- Died: 673 BC
- Spouse: Duke Huan of Lu
- Issue: Duke Zhuang of Lu Shu Ya (叔牙) Ji You (季友)
- Father: Duke Xi of Qi

= Wen Jiang =

Wen Jiang (文姜; died 673 BC) was a princess of the State of Qi and duchess of the State of Lu during the Spring and Autumn period of ancient China. She was the daughter of Duke Xi of Qi and sister of Duke Xiang and Duke Huan of Qi. She was the main wife of Duke Huan of Lu and mother of Duke Zhuang of Lu. She is best known for having an incestuous relationship with her brother Duke Xiang, who had her husband murdered. Her clan name was Jiang (姜), her personal name is unknown, and Wen was her posthumous title.

==Marriage and childbirth==
In 709 BC, during the reign of her father, Duke Xi of Qi, Wen Jiang married Duke Huan of Lu, who had ascended the throne of the neighbouring state of Lu in 712 BC. Three years later, Wen Jiang gave birth to a boy. The boy had the same birthday as his father; therefore, he was given the name Tong, meaning "the same," and was made the Crown Prince of Lu.

==Murder of Duke Huan of Lu==
In 698 BC, Wen Jiang's father, Duke Xi of Qi, died and was succeeded by his son Duke Xiang of Qi. Before her marriage to Duke Huan of Lu, Wen Jiang and her older half-brother Duke Xiang had had an incestuous affair.

In 694 BC, Wen Jiang and her husband, Duke Huan, visited her home state of Qi, and Wen Jiang and Duke Xiang renewed their sexual liaison. When Duke Huan found out about their relationship, Duke Xiang ordered his half brother, Prince Pengsheng, to murder Duke Huan when he was drunk.
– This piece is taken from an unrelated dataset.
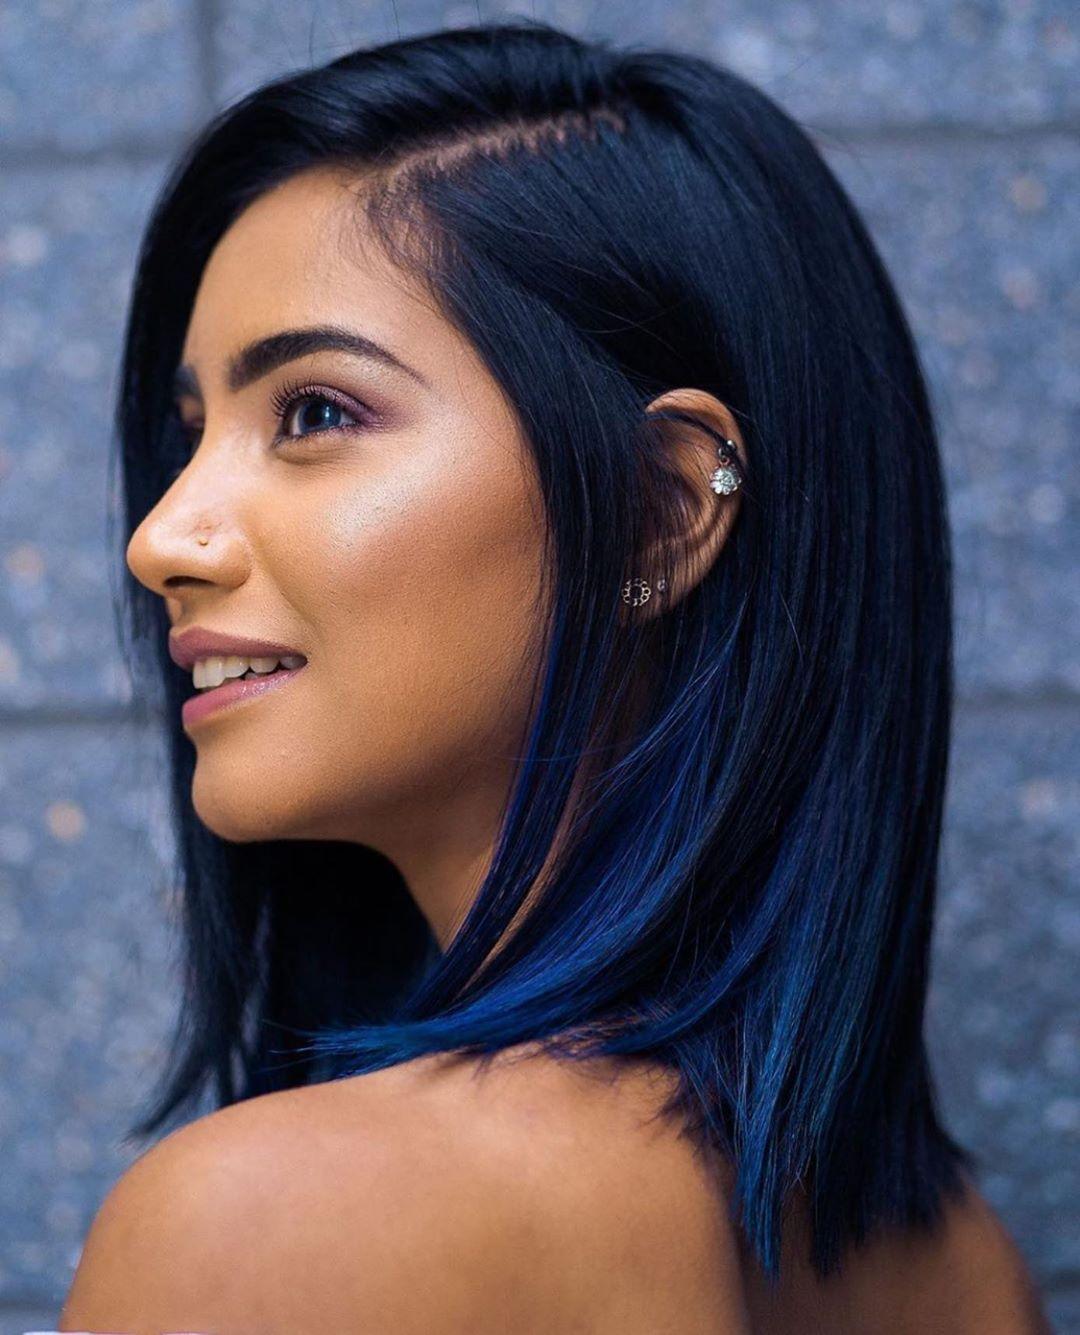 30 hair ideas for medium length hair in 2020 spring hair

The people of Lu were incensed at Duke Xiang's crime, but could not do anything because Qi was a stronger state. To appease Lu, Duke Xiang had Pengsheng (:zh:公子彭生) executed as a scapegoat. Crown Prince Tong, the son of Wen Jiang and Duke Huan, subsequently succeeded his father as ruler of Lu, to be known as Duke Zhuang of Lu.

==Later life==
After the death of her husband, Wen Jiang stayed in Qi and continued the incestuous relationship with her brother, Duke Xiang. In 693 BC, Duke Xiang married a daughter of the king of Zhou, the nominal ruler of all China, but the Zhou princess died only a year later. In 686 BC Duke Xiang was murdered by his cousin Wuzhi, who usurped the Qi throne but was killed the following year. Prince Xiaobai, another brother of Wen Jiang, ascended the Qi throne, known as Duke Huan of Qi.

Wen Jiang died in the seventh month of 673 BC, during the 21st year of her son Duke Zhuang's reign.

==Other children==
Besides Duke Zhuang, Wen Jiang and Duke Huan had two other sons named Shu Ya and Ji You. Duke Huan also had an older son named Qingfu with a concubine. Qingfu, Shu Ya, and Ji You were founders of three powerful clans that later controlled the power of Lu. Together they are called the Three Huan for all being descendants of Duke Huan. Ji You's lineage, called Jisun or Ji, eventually formed the splinter state of Fei.